“You’re making a big mistake. You won’t get away with?—”
I never got to finish the sentence as pain exploded in the back of my head and the ground swayed. A van door slid open and my body hit the hard floor just as I heard Dina shouting my name once—sharp, terrified—before gunfire erupted. The door to the van slammed and the sound dulled.
“Get us out of here,” Jacqueline said, her voice eerily calm.
The van lurched forward immediately, turning too fast, the engine growling. My pulse hammered in my ears.
And all the while, Jacqueline’s eyes—filled with crazed hate—stared me down.
Chapter 40
Kian
The words on the screen turned fuzzy, and I rubbed my eyes behind my glasses.
Things with Sophie were good—very good, in fact—but I hadn’t made any further progress in locating Jacqueline. It made the paranoia in my chest grow and my nightmares had returned with one major exception: Elena’s dead face had been replaced with Sophie’s.

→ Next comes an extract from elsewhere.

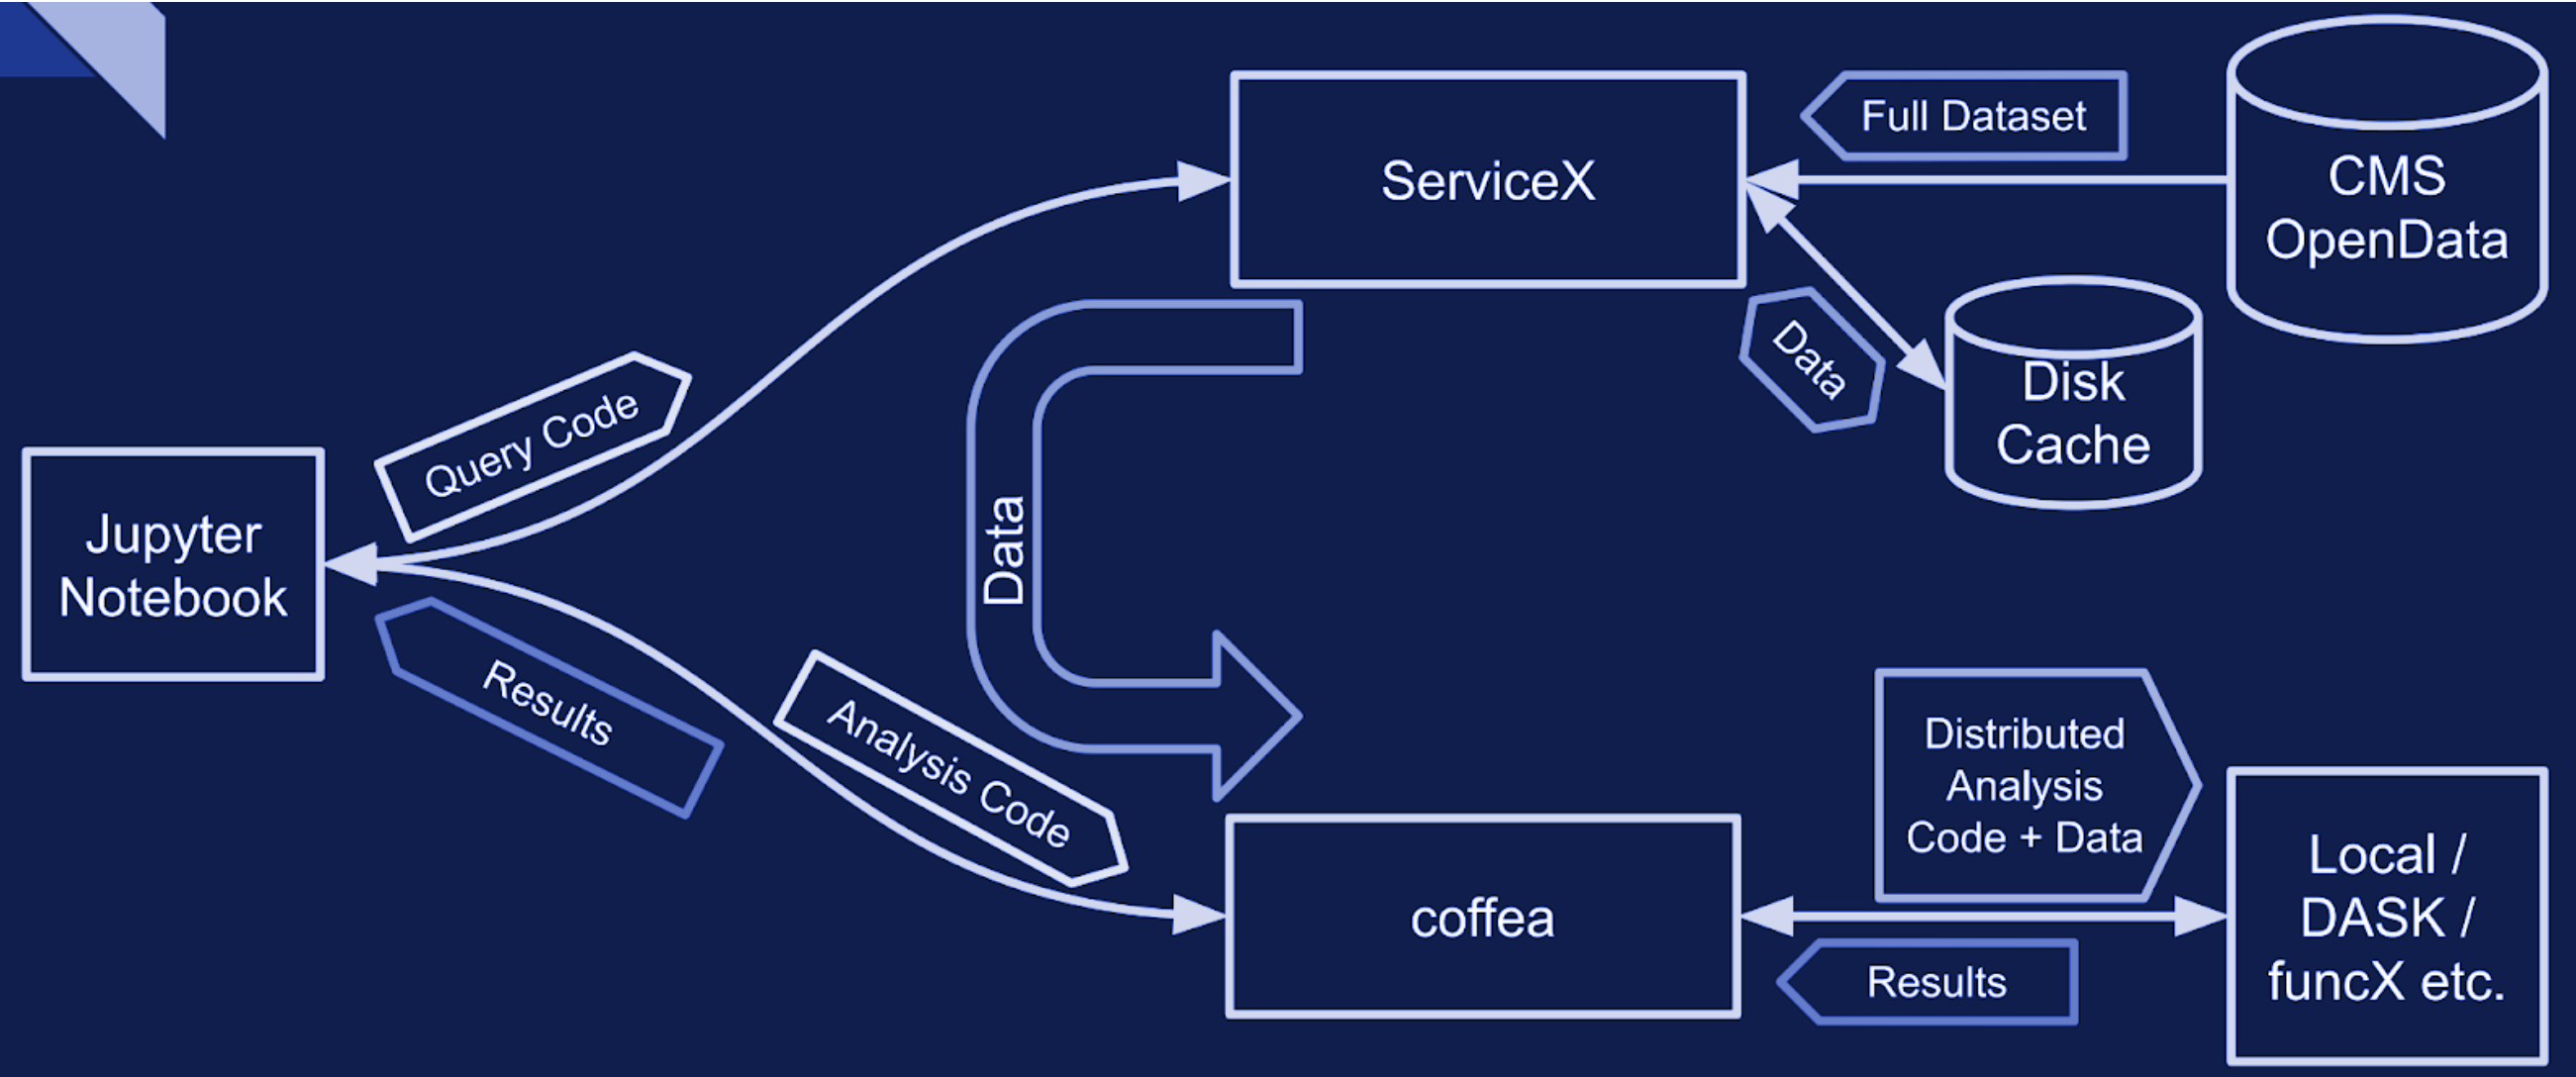 ServiceX and Coffea-Casa workflow schema.

I drummed my fingers on the desk and scanned the list of passengers on every boat roaming between Greece and Albania.Again. Nothing jumped out.
My phone lit up and Amir’s name appeared on the screen. He was mad I assigned him to tail Dina and Sophie, and I suspected he probably wanted to complain.

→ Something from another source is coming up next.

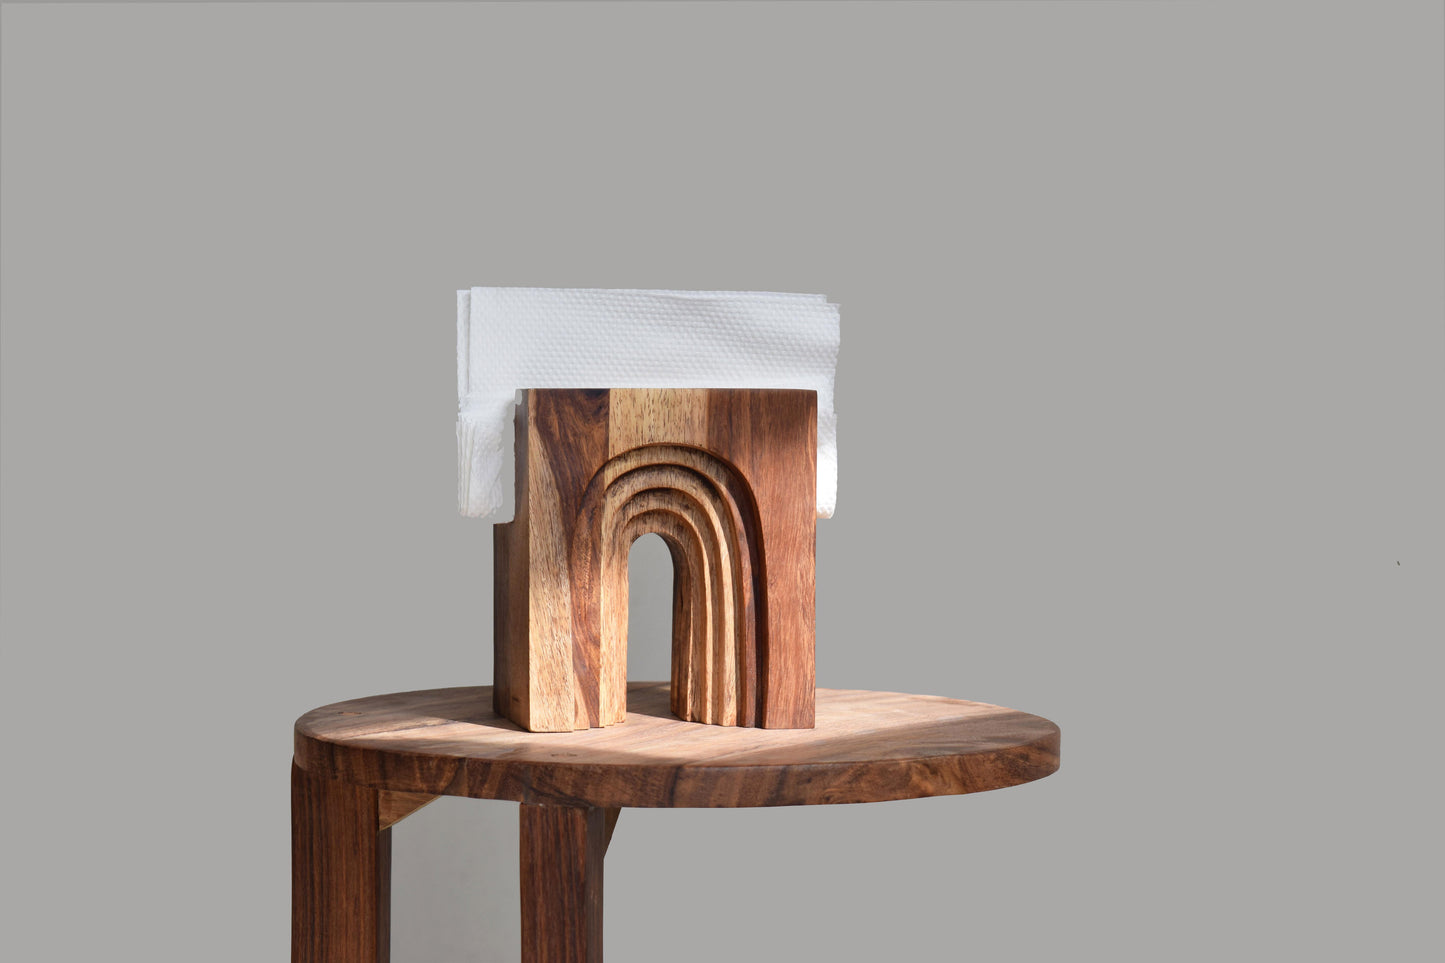 Napkin holder in sheesham wood for utility and decor

Swiping to answer, I held the phone up to my ear and answered with a sigh. “Yes, Amir.”
“They took her.”
I heard the panic before I understood the words. I stood and immediately put him on speaker.
“What do you mean? Who?”
“Sophie.” My chest seized, my heart suddenly forgetting how tofunction. “Dina’s okay, but Sophie… Two men and a woman snatched her.”
“Tell me everything you know,” I barked.
Amir began to recount Dina losing them with her driving, and Sophie jumping out in front of her teacher’s street.
“When I got here,” he explained, “Dina was screaming and I started shooting. I got one, but the other two took off with Sophie.”
“Is the man you shot dead?” I snapped.
“No, just wounded,” Amir retorted.
I yanked at my tie with one hand to loosen it, panic twisting in my chest. I was supposed to protect her, and she was taken from right under my nose.
No, now was not the time to panic. I’d get her back.
“Bring him here,” I said, my voice cold. “I’m going to check surveillance footage covering that street.”
“Follow the white van,” Amir said.
I hung up and started across the room to a separate computer. I logged in, and within a few minutes, I had the location pulled up.
My gaze was locked on the screen, terrified I might miss a single clue as I watched it all unfold with a knot in my stomach. Once Sophie was thrown into the van, I hacked into CCTV footage and traced it all the way to its destination.
Jacqueline’s yacht I’d been searching for.
The metallic smell filled the dungeon as I descended the stairs, the floor sticky under my leather shoes. I welcomed the darkness that swallowed me with each step I took closer to our captive.
I needed to punish, hear the cries as he begged for his life and feel life drain out of the bastard who helped Jacqueline take Sophie. But the priority was to get where Jacqueline’s yacht was heading. She’d been able to keep under the radar in the Albanian and Greek waters, and I couldn’t afford to waste time roaming the seas and continuing to look for her.